» **Aim of the task**
A faithful copy is needed of the lines below from the one with "º2/2007, de 15" up to and including the one with "dan-guitar-Acoustic-Ba-don-M400"; set it down with no pictures and no other lines.

» **Data to use**
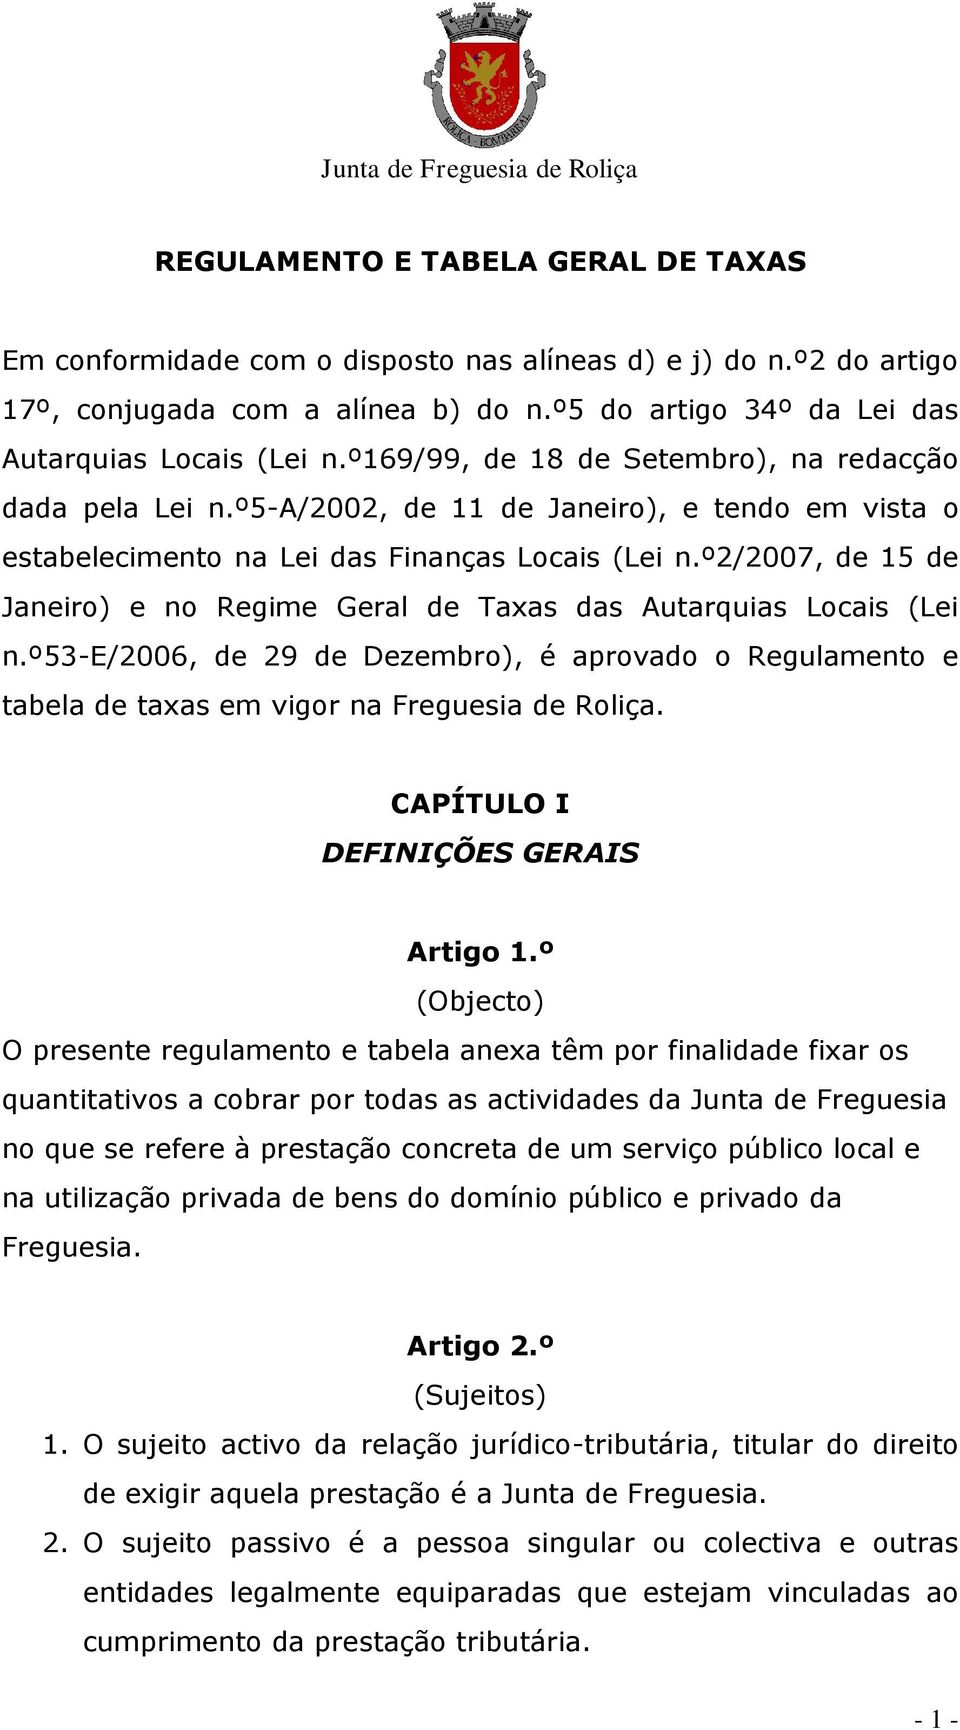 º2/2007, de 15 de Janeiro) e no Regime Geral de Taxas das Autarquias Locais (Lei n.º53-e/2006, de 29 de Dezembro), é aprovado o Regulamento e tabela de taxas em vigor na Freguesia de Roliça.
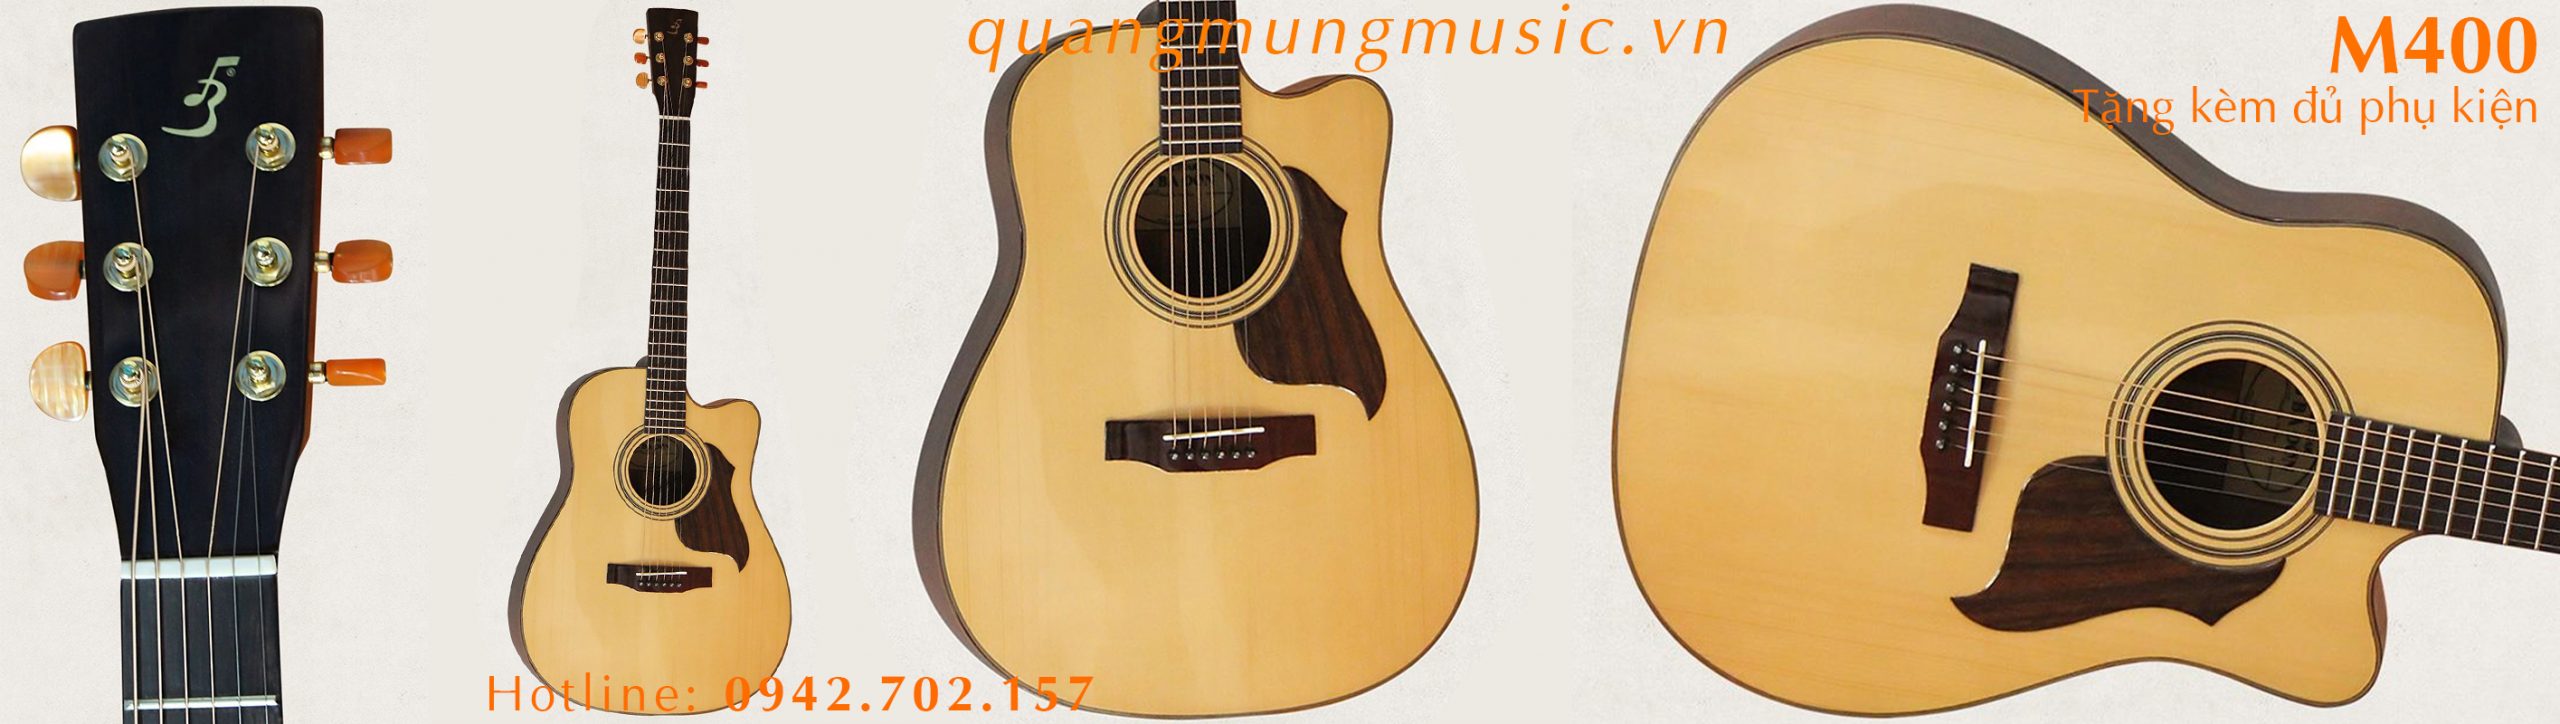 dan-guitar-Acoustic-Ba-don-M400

---

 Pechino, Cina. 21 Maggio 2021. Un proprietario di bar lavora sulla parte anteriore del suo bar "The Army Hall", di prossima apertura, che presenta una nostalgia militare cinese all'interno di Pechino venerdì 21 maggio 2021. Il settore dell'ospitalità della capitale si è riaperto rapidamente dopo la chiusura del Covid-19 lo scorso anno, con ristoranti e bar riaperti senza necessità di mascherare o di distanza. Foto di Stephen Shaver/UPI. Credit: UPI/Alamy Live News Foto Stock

» **Your response**
 º2/2007, de 15 de Janeiro) e no Regime Geral de Taxas das Autarquias Locais (Lei n.º53-e/2006, de 29 de Dezembro), é aprovado o Regulamento e tabela de taxas em vigor na Freguesia de Roliça.
 dan-guitar-Acoustic-Ba-don-M400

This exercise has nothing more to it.